[Start of Attachment]

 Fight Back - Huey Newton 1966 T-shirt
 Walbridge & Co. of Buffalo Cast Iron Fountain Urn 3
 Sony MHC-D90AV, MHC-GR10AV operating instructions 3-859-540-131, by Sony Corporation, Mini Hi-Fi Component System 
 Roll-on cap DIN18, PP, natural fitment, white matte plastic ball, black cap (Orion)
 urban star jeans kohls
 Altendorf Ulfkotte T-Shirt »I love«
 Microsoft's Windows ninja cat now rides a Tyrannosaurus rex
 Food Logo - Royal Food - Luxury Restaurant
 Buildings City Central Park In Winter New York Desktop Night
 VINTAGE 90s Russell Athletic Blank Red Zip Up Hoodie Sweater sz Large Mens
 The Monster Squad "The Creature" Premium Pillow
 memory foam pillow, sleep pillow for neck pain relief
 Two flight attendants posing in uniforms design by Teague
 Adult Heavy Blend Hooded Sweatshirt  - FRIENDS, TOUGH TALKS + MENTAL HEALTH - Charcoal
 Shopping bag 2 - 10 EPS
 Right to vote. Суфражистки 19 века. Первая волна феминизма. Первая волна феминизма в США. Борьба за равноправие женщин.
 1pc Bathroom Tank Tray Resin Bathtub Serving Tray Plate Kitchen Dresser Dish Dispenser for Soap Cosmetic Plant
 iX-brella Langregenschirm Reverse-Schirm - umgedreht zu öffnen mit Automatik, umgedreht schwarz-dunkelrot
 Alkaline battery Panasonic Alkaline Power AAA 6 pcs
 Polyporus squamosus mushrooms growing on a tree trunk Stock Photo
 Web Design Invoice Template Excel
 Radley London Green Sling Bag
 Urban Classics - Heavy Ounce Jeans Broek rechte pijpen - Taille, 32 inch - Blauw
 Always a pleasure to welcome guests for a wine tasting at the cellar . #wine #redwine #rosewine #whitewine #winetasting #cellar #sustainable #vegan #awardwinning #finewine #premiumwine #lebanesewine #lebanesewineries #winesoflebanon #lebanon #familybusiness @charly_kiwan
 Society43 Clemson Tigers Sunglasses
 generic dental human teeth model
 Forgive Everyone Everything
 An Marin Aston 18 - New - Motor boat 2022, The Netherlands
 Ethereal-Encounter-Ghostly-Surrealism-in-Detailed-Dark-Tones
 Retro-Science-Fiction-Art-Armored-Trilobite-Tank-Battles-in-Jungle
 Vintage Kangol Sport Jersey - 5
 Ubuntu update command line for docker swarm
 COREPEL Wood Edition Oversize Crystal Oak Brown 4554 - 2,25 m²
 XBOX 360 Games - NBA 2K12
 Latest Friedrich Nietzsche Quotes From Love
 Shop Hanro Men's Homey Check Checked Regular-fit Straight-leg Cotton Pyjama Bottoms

[End of Attachment]

* [Work instructions]: Look for the string "Tank" in the entries above. Copy every line that has it.

* [Response to the task]:
 1pc Bathroom Tank Tray Resin Bathtub Serving Tray Plate Kitchen Dresser Dish Dispenser for Soap Cosmetic Plant
 Retro-Science-Fiction-Art-Armored-Trilobite-Tank-Battles-in-Jungle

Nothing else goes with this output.